You got that EXACTLY right. Logic has nothing to do with it. Your stories, as always, are the best. Well, perhaps up there with katdad's! :lol:


----------



## katdad (Jan 1, 2009)

You're right, Hoff, regarding the stories needing to "make sense" because it's unnecessary.

That being said, there's a sort of "internal consistency" required of any story, whether fantasy or science fiction or just plain ol' fiction. Things have to make sense within the universe of the story or the author's "world" created in that work.

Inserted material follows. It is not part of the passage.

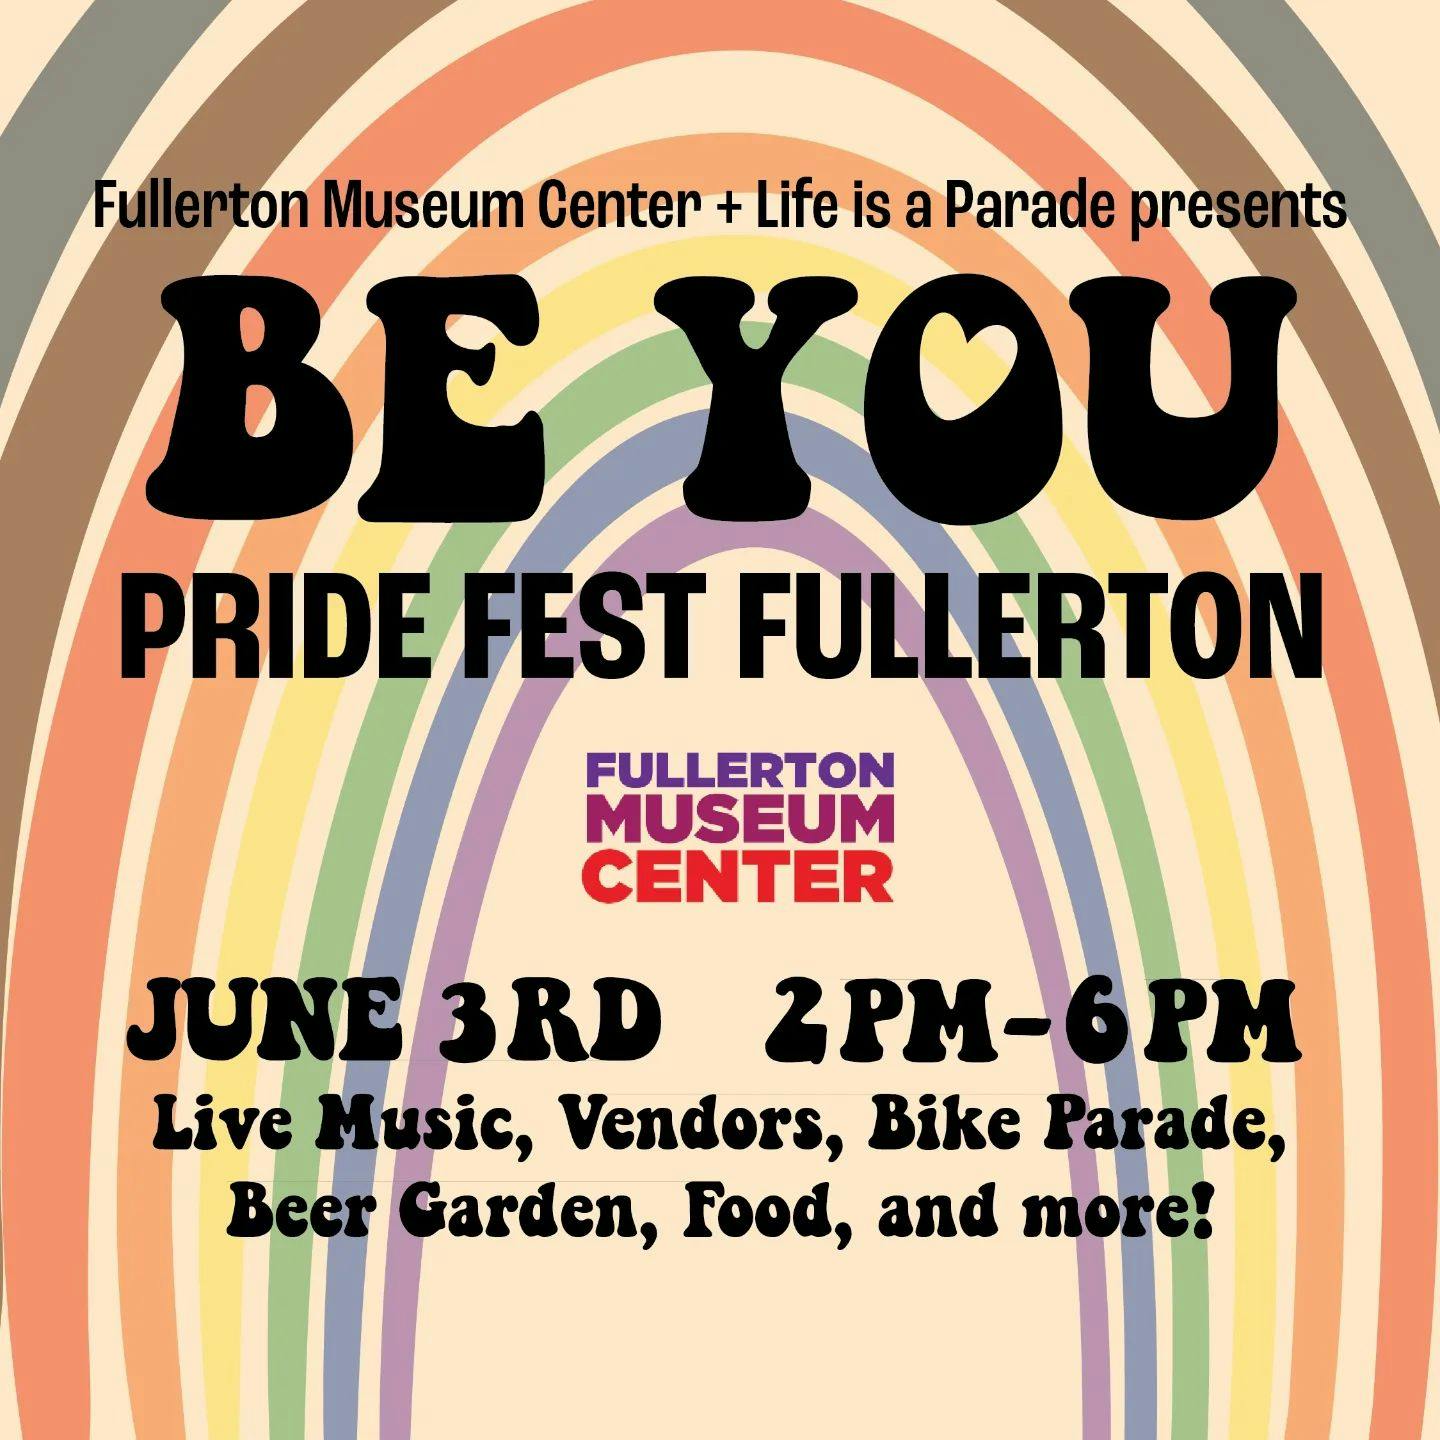 BE YOU Pride Fest Fullerton

I work with this all the time, being a writer myself. I'm the author of 2 (3rd in progress) modern-day realistic private detective novels, and I am constantly asking myself "could this really happen?" because my stories are intentionally not "Mike Hammer thuggish" but instead as realistic as possible. Still, of course, the adventures my private eye has are not typical for a real-world PI -- if they were, it would consist mostly of hours of internet research and a couple hours taking long distance videos of some guy on disability playing golf or some woman cheating on her hubby. Boring.

But within my novels, I still maintain factual accuracy as much as possible, after first allowing for the rather fanciful cases that my PI works on. For example, he is constantly using the internet and his smart phone and all the normal modern tools. He drives a real car (a Toyota 4Runner), lives in a small home with his office in the front, pays his electric bill, and so on. Weapons are precisely and accurately described (myself being a pistol enthusiast) and there are in fact no huge fights, gun battles, car chases, or anything similar. Crimes are also described in somewhat lurid detail but accurately per police reports I've access to (I've got pals).

Anyway, I wandered there... any opera story line has to make internal sense or it becomes laughable. Especially the verisimo [sp?] operas. So yes, you can have magic flutes and witches and talking statues, but there still has to be an internal consistency.


----------



## katdad (Jan 1, 2009)

I'll say this in defense of Hoffmann, however.

In addition to performing in the opera, I've seen 2 different productions, plus that very good Met PBS broadcast of about 5 years ago. And I have to say that I really enjoyed the opera. All the productions were "traditional" and they were nicely staged. Singing was fine, too. All were entertaining.


----------